Task prompt:
Repeat only the lines below from the one that contains "MAZDA MODEL MILLENIA" through the final line, exactly. Omit pictures.

** Opening Task inputs block **

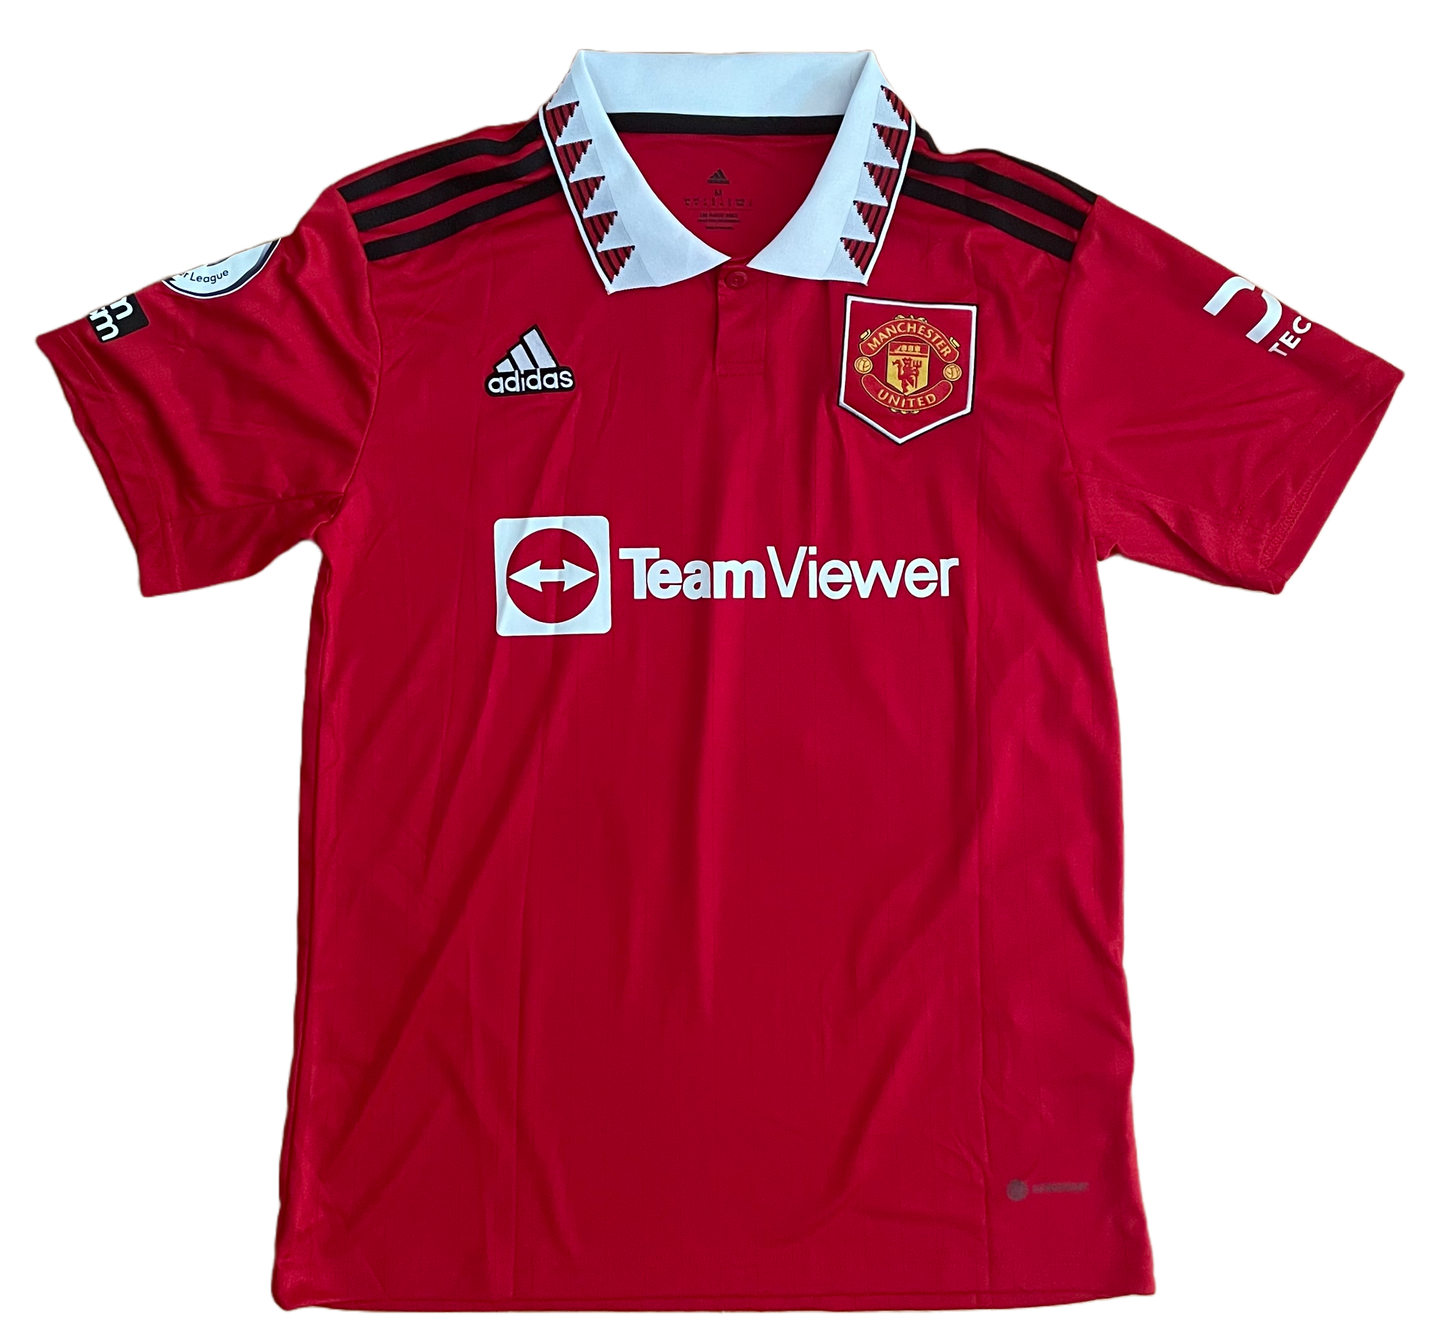 Signed Christian Eriksen Manchester United Home Shirt 22/23
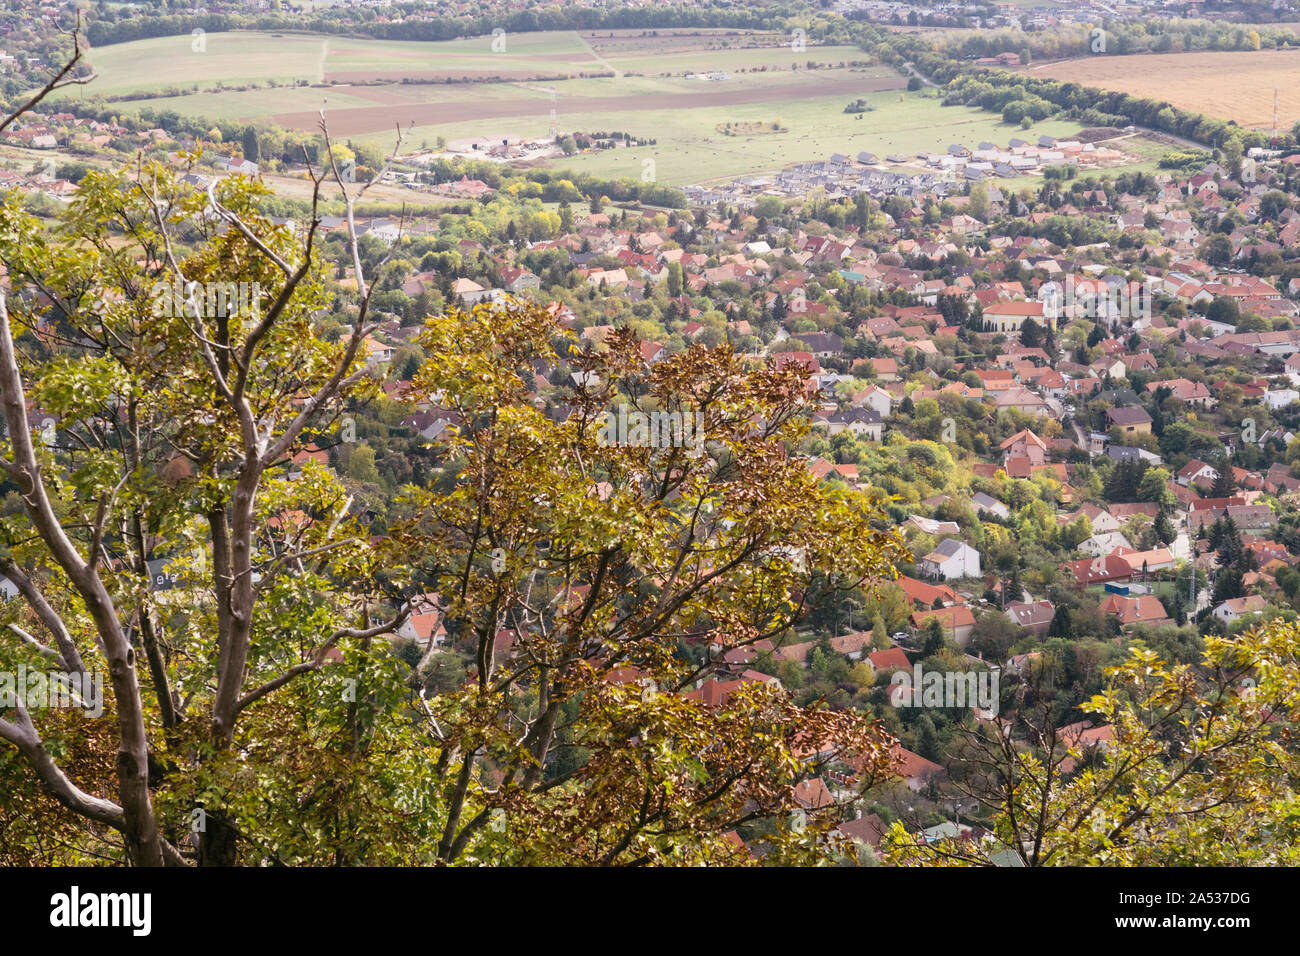 Pilisborosjeno, Hungary - Oct 11, 2019: View of Pilisborosjeno at autumn, a small picturesque village in the Pilis Mountains is a mountainous region i Stock Photo
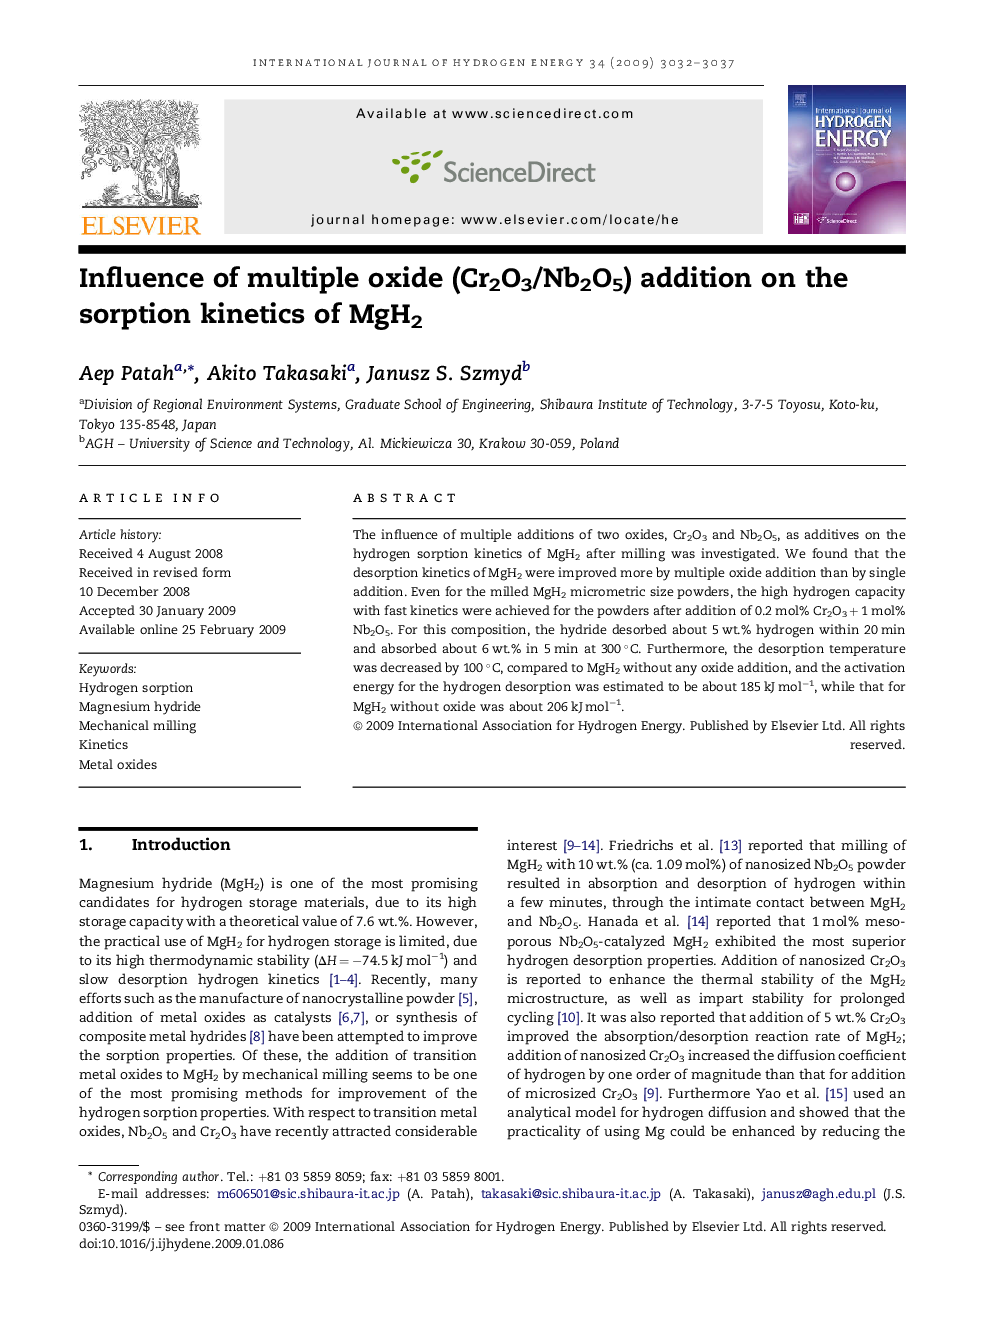 Influence of multiple oxide (Cr2O3/Nb2O5) addition on the sorption kinetics of MgH2
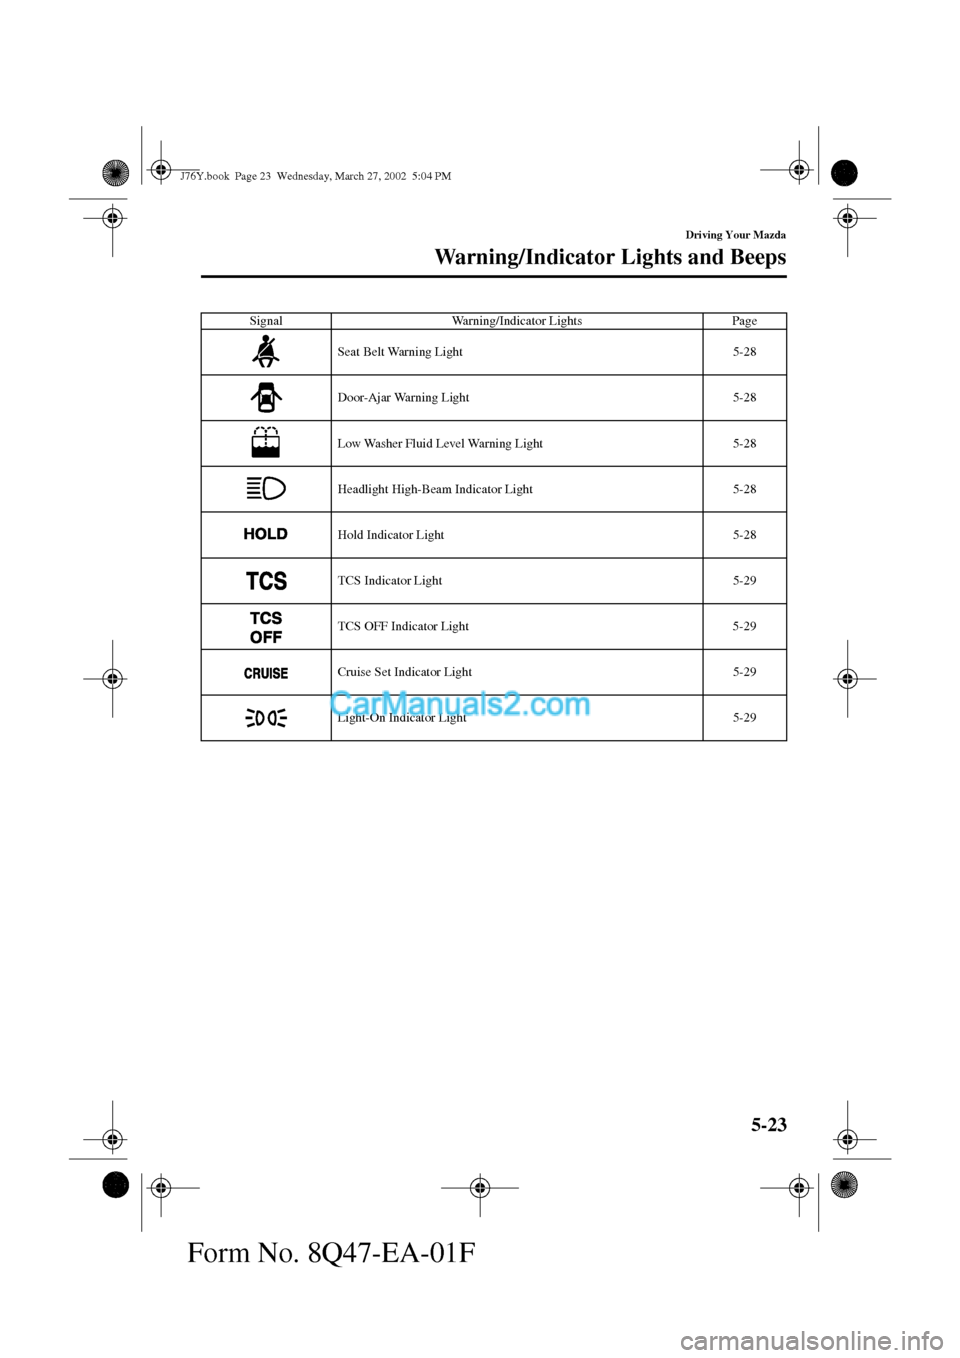 MAZDA MODEL MILLENIA 2002   (in English) Owners Guide 5-23
Driving Your Mazda
Warning/Indicator Lights and Beeps
Form No. 8Q47-EA-01F
Seat Belt Warning Light 5-28
Door-Ajar Warning Light 5-28
Low Washer Fluid Level Warning Light 5-28
Headlight High-Beam

** Closing Task inputs block **

Answer space:
 MAZDA MODEL MILLENIA 2002   (in English) Owners Guide 5-23
Driving Your Mazda
Warning/Indicator Lights and Beeps
Form No. 8Q47-EA-01F
Seat Belt Warning Light 5-28
Door-Ajar Warning Light 5-28
Low Washer Fluid Level Warning Light 5-28
Headlight High-Beam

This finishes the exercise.